Отец тем вечером ушёл на ночное дежурство незадолго до нашего приезда, хотя смена и была не его. Едва он вернулся с рыбалки, как товарищи по работе попросили выйти вне графика, больше никто не соглашался, почти всё отделение уехало в дальнюю деревеньку провожать на пенсию начальника местной милиции. Позвонив с работы, он попросил принести ужин, но уже через час перезвонил снова и приказал маме не приходить. Разговаривая с ним она уже могла расслышать в трубке пьяные реплики будущего убийцы своего мужа.
За день я так устал, что довольно рано лёг спать, а взрослые продолжали сидеть в другой комнате и о чём-то негромко переговариваться. Незадолго до того, как я заснул, раздался ещё один звонок телефона, вырвавший меня из полусна. Мама подошла, сняла трубку, и тут, сестра бабушки, задав лишь один странный вопрос: «Зоя, это ты?», сражу же прервала связь. Не совсем её поняв, мама пожала плечами, положила трубку телефона на рычаг и тоже отправилась спать, пристроив рядом со стоявшим у печи сундуком, на который легла, детскую кроватку-качалку, где посапывал Владлен. Ворота дома уже закрыли на щеколду, а под окном, на ветру, на столбе раскачивался фонарь, в чьём свете тени от голых веток клёна неспешно двигались по окоченевшей земле туда-сюда.

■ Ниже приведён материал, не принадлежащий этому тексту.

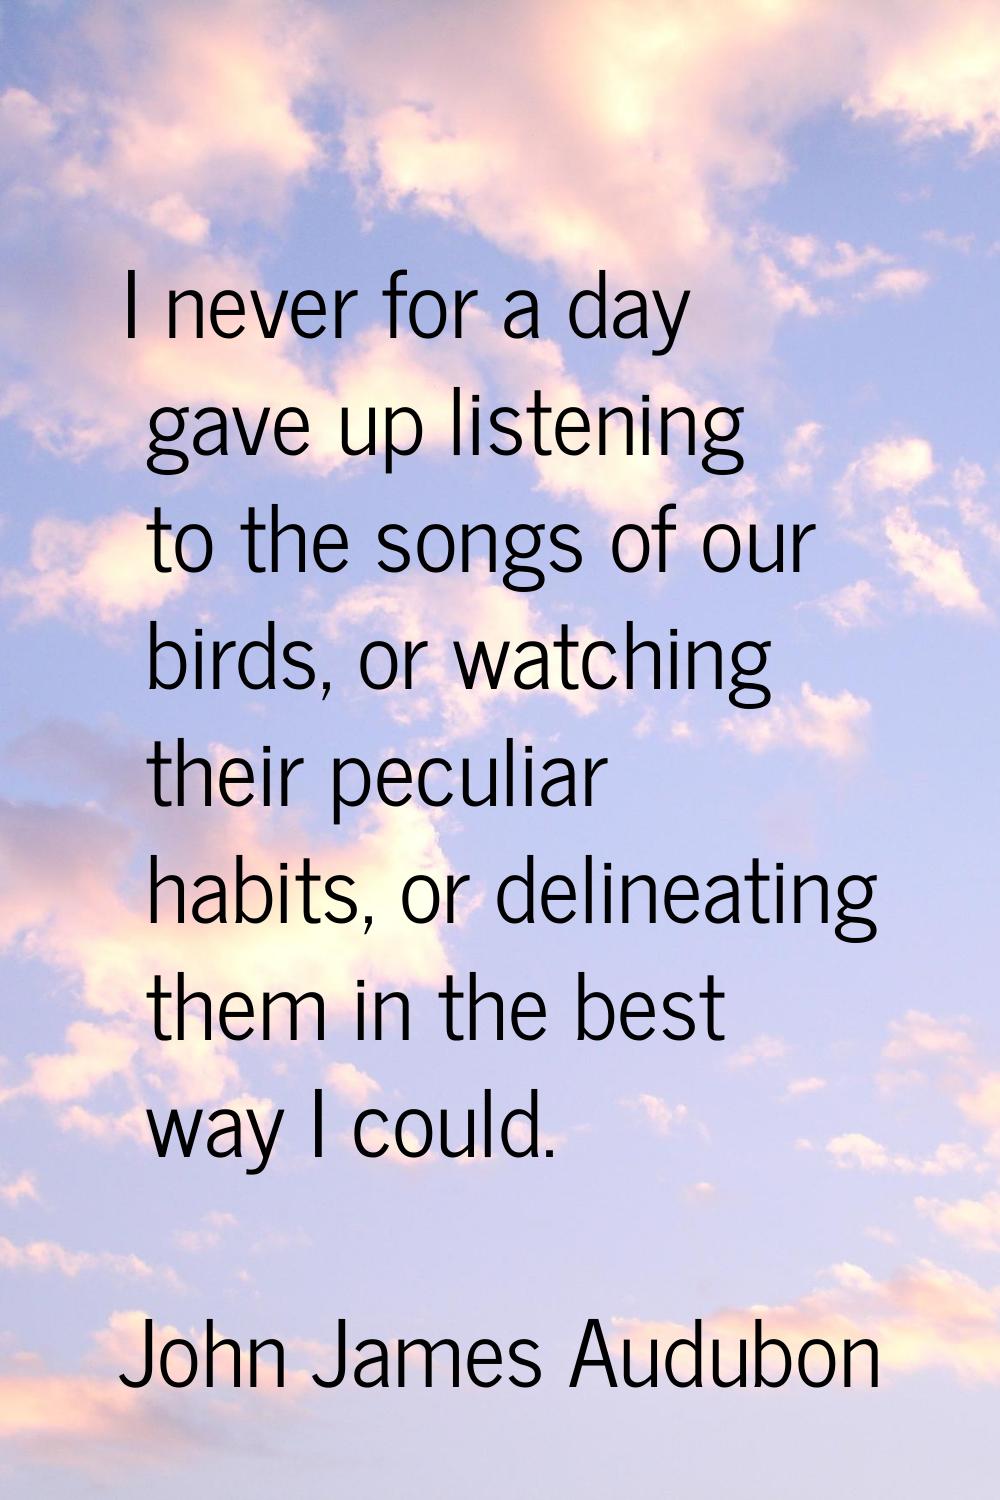 I never for a day gave up listening to the songs of our birds, or watching their peculiar habits, o

И снова резкий телефонный звонок разбудил нас, уже совсем уснувших. Не проснулся в своей кроватке лишь Влад, переставший тоскливо хныкать всего пару часов назад. Мама поднялась, подошла к комоду, на котором стоял чёрный телефонный аппарат, сняла трубку. И тут Вера, бабушкина сестра, немного помолчав, тусклым голосом произнесла, что «с Васей произошло несчастье и матери необходимо срочно прийти в отделение» Мгновенно собравшись и предупредив бабушку с дедом, что скоро вернётся, мама быстро убежала в ночь, туда, где уже ничего нельзя было изменить. В окровавленный кабинет её не пустили, сразу проведя на допрос к успевшему приехать из города следователю. Я снова стал засыпать, не беспокоясь и не понимая, куда и зачем мама убежала прямо ночью, но громкий стук с улицы в окно, у которого стояла моя кровать, заставил меня подскочить в своей кровати. К стеклу из соседней комнаты, охая, подошла бабушка, отодвинула занавеску и вздрогнула от раздавшегося из заоконной темноты незнакомого мне голоса, торопливо кричащего:
– Открывайте, Васю застрелили!
Бабушка что-то закричала, кинувшись в свою комнатку, а, вскочивший с постели дед, даже не накинув на майку куртки, бросился открывать ворота.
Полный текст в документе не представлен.